У нее на глазах выступили слезы, и она резким движением поднялась с кресла, которое продолжило качаться, поскрипывая на паркете. Мир за окном был белым, гладким, каким-то приглушенным. Она прислонила горящие ладони к стеклу. Ей было трудно дышать. Она должна была покинуть этот дом без промедления.
Из шкафа она достала свое пальто и шарф, поискала перчатки. Куда они запропастились? Она перерыла все ящики, разбросав вещи.
Когда Ливия вышла в коридор, ее взгляд наткнулся на приоткрытую дверь, откуда струился теплый свет. Она услышала голоса Элизы и кормилицы. Эта молодая женщина с круглыми щеками и приветливой улыбкой выглядела привлекательно; она только что родила пятого ребенка. Ливия не хотела ее видеть, предпочитая думать, что ее не существует. Она узнала ее грудной смех, чувственный и безмятежный. Смех женщины, которая всегда сама кормила своих детей. Смех матери, достойной так называться.
Ливия сбежала вниз по лестнице. В коридоре она никак не могла открыть дверь, но в конце концов очутилась на свежем воздухе. Холод обжег ее лицо и руки. Она закрыла глаза и подняла лицо к небу. Хлопья снега нежно касались ее ресниц, щек, губ.
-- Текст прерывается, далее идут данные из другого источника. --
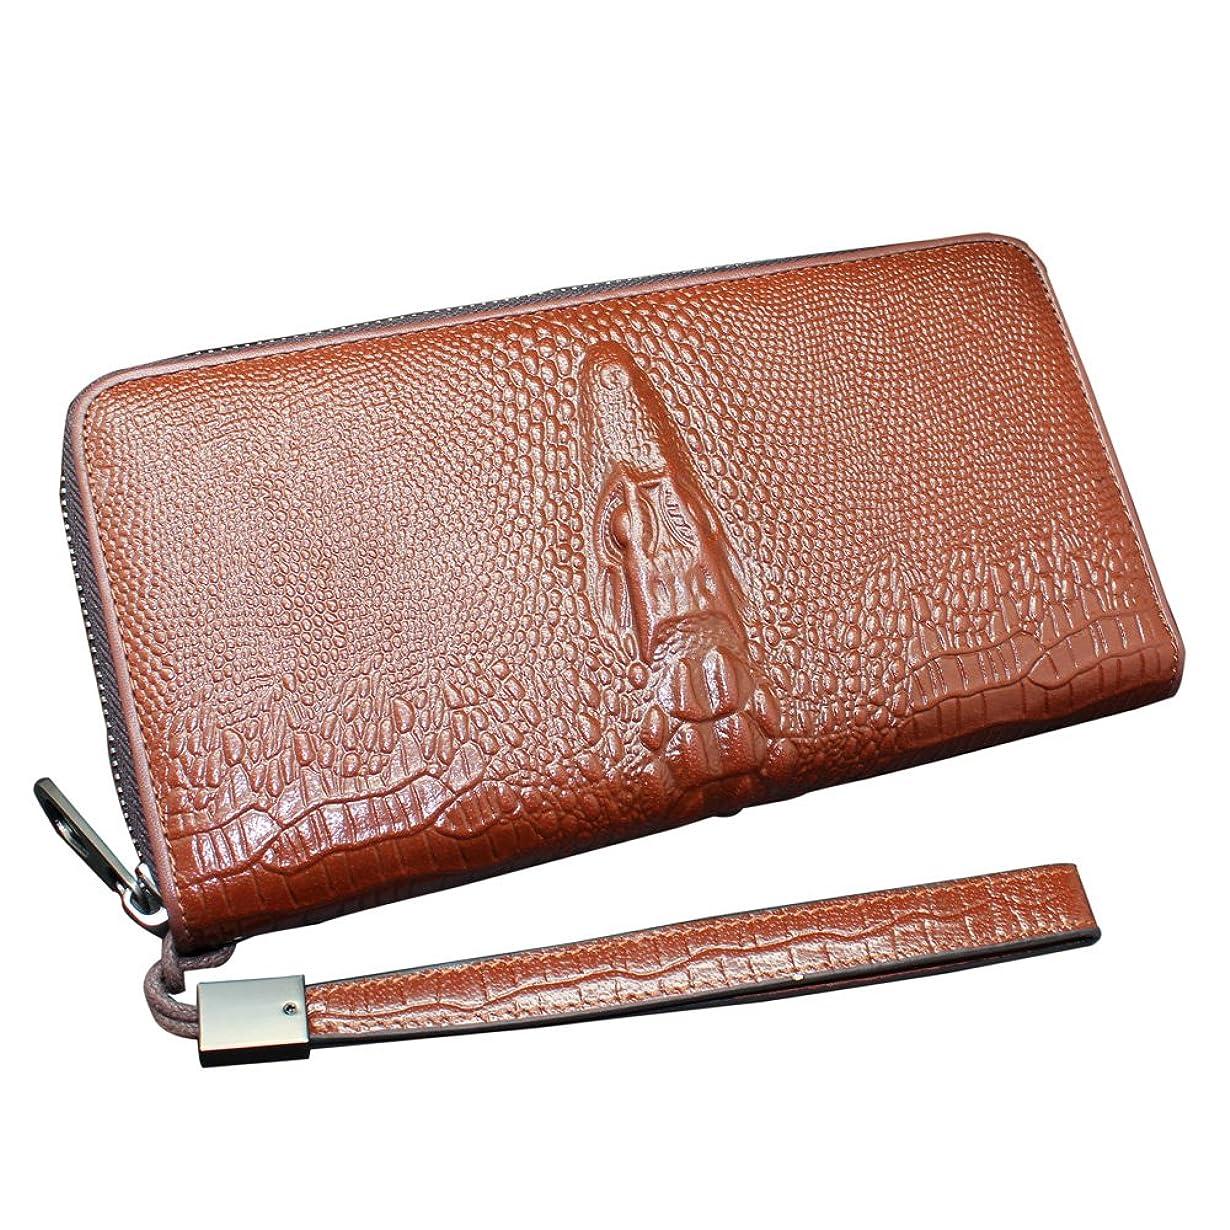 回転仮定周辺[boshiho] 長財布 ワニ ラウンドファスナー レザー 携帯電話 カード入れ 腕掛け 大容量

Она пошла наугад быстрым шагом, глядя прямо перед собой. В голове была пустота, сердцебиение отдавалось толчками во всем теле. Она бежала по улицам, иногда натыкалась на прохожих и не извинялась. На сгоревшей крыше бывшего гарнизонного протестантского храма снег уже укрыл остов и почерневшие балки нефа.
На повороте улицы она остановилась, наткнувшись на толпу детей, которые кричали и размахивали руками. На тележке, украшенной красными и золотыми гирляндами, силуэт с белой бородой, облаченный в длинное пальто, с треугольной митрой [50]50
Позолоченный головной убор, надеваемый высшим христианским духовенством во время богослужения.
[Закрыть]на голове и с жезлом в руке приветствовал толпу, собравшуюся на тротуаре. Улыбающиеся девушки раздавали сладости, орехи, чернослив. Незаметно для Ливии у нее оказалась целая горсть орехов.
Позади святого Николая, которого сопровождали двое молодых людей на лошадях, одетых, словно лакеи, в рубашки с жабо и вышитые сюртуки, возник персонаж в темной рясе и заостренной шляпе, нахлобученной на всклокоченные волосы. Он принялся корчить гримасы и вопить, размахивая хлыстом из веток, в шутку стегая им детей по ногам. Те с радостным визгом разбегались в разные стороны, не забывая подразнить его и дернуть за плащ.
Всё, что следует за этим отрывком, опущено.